In 2015, Professor Ali Javey of the School of Electrical Engineering and Computer Science at the University of California, Berkeley (UC Berkeley), published a paper in Science, revealing the use of monolayer semiconductors to make ultra-thin Possibility of LEDs. However, the technology at that time, if the size of a single-layer semiconductor led wall pitch is enlarged, its thickness will also increase at the same time, and its real application is limited.

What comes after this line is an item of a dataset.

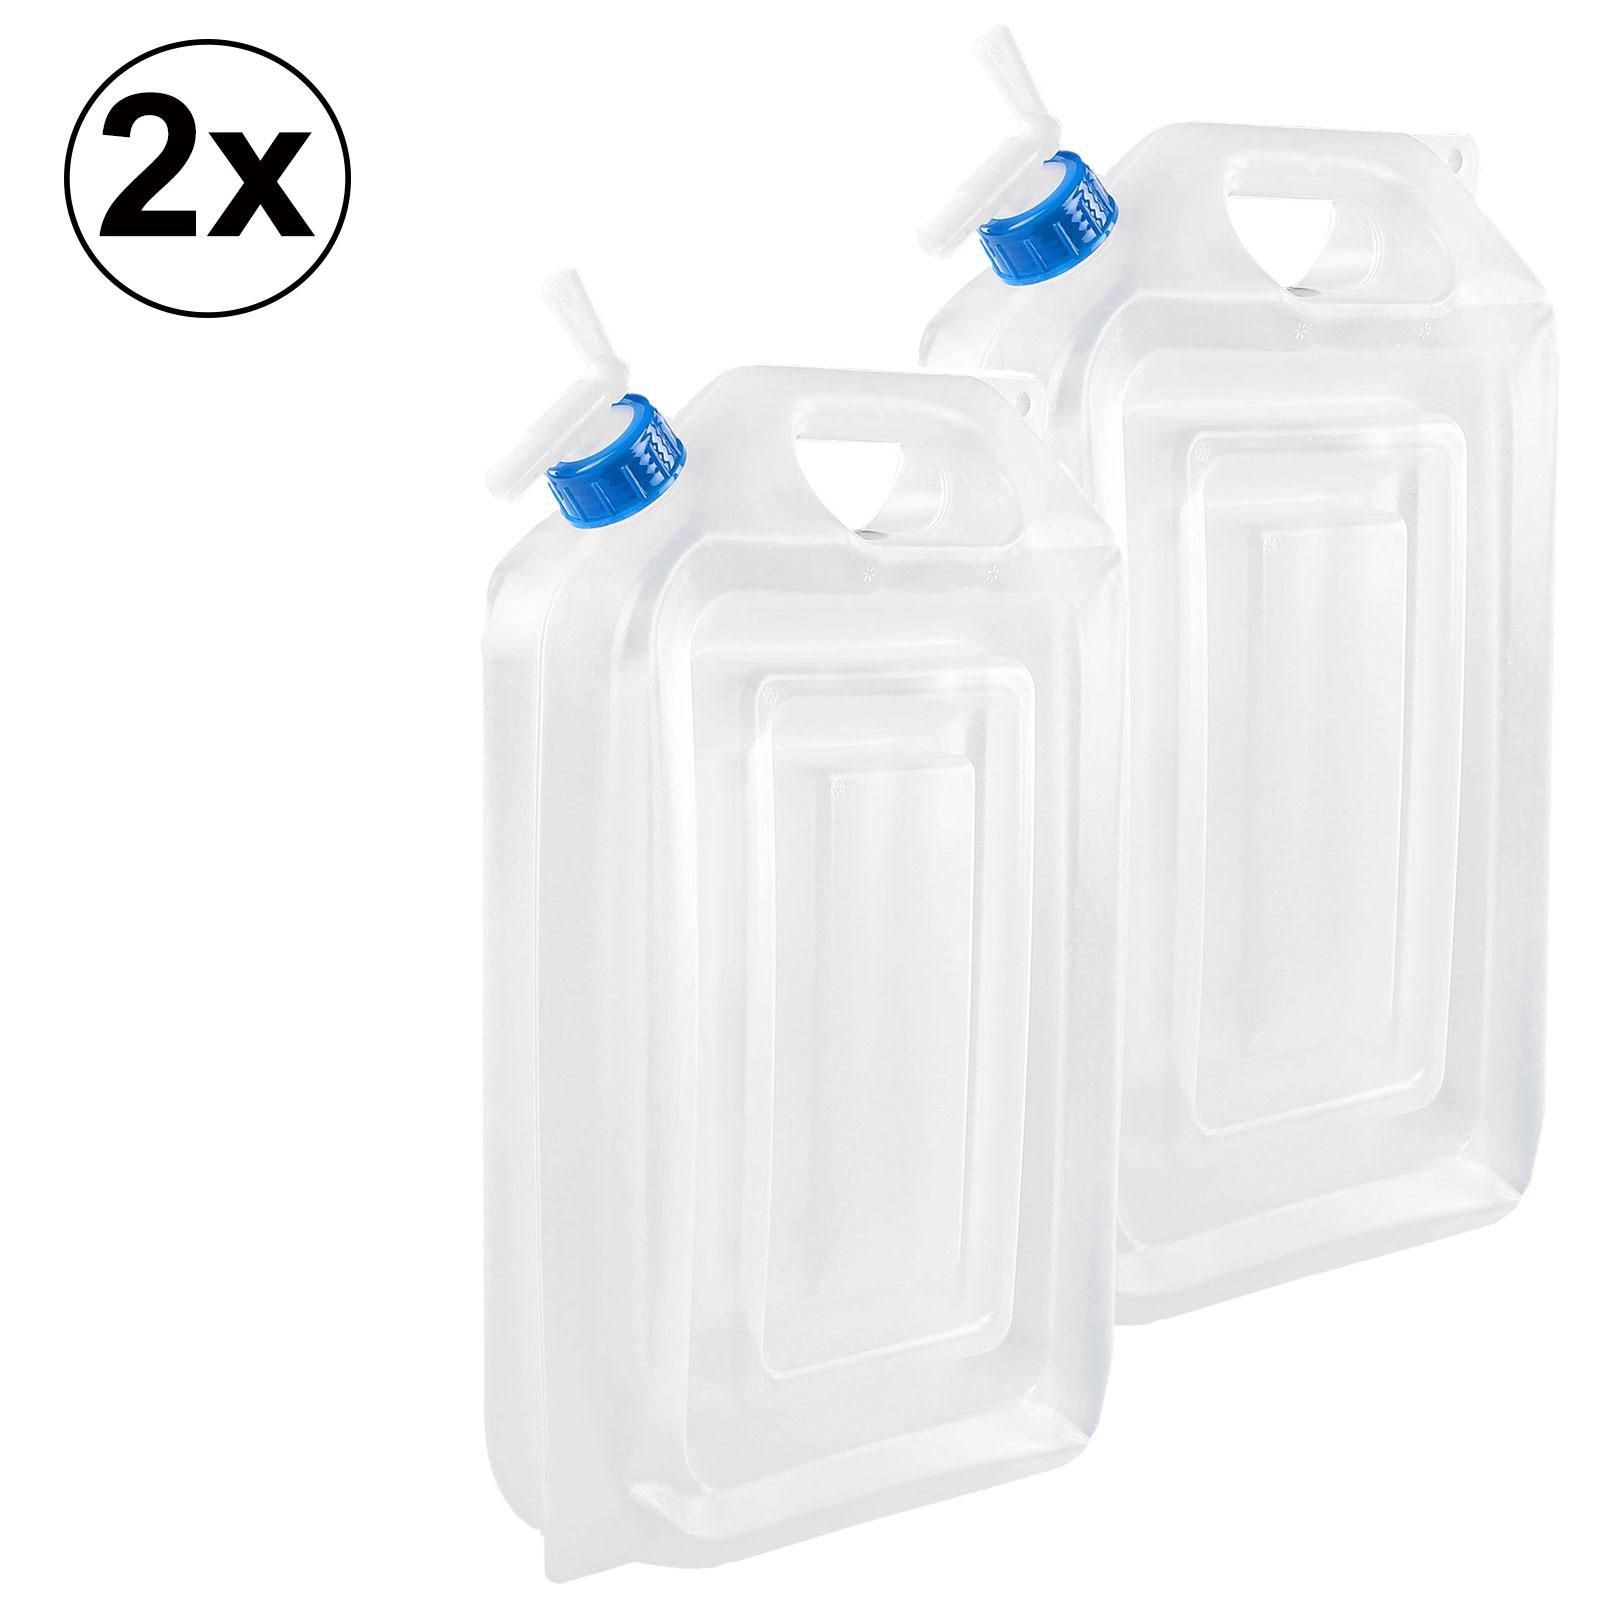 Kanister 16 Liter extra platzsparend 2er Set

A few days ago, its team said that it has successfully made LEDs that can expand the length and width without affecting the thickness, and are only three atoms thick. The new research results have been published in the journal Nature Communications.

LEDs

When a voltage is applied to LEDs, the electrons reach an excited state, then when they meet the hole at the contact point, they decay back to the ground state, releasing their energy in the form of light. This is how LEDs work. Therefore, the most difficult problem in improving the luminous efficiency of LEDs is how to make free electrons and holes more efficiently contact. Especially when the size of the semiconductor is only a single layer thick, there are not many materials that can be used, which makes the difficulty even more difficult.

single layer semiconductor

The researchers used transition metal dichalcogenides (TMDCs) to make single-layer semiconductors. This material has semiconductor properties similar to graphene and is considered to be an important next-generation optoelectronic material. Then place the gate (Gate) and the source (Source) on the top and bottom of the semiconductor to make LEDs. When the alternating current is connected between the gate and the source, free electrons and holes will appear in the middle single-layer semiconductor at the same time, and then Let it release energy as light.

The configuration of the LEDs.

future development

At present, there are still many places to be continuously improved in this LEDs, especially its energy efficiency is only 1% at present, which is far lower than the 25-30% of commercially available LEDs. But as Der-Hsien Lien, a postdoctoral researcher in his research team, said: “The material is quite thin and elastic, so it can be made transparent and applied to curved surfaces.” Transparent displays have become a new goal in the scientific and technological community, and the results of this study will have considerable impact.

In addition, there have been researches to produce a large number of high-quality TMDCs through chemical vapor deposition, so it is expected to use their characteristics to solve the physical limit problem faced by current integrated circuits.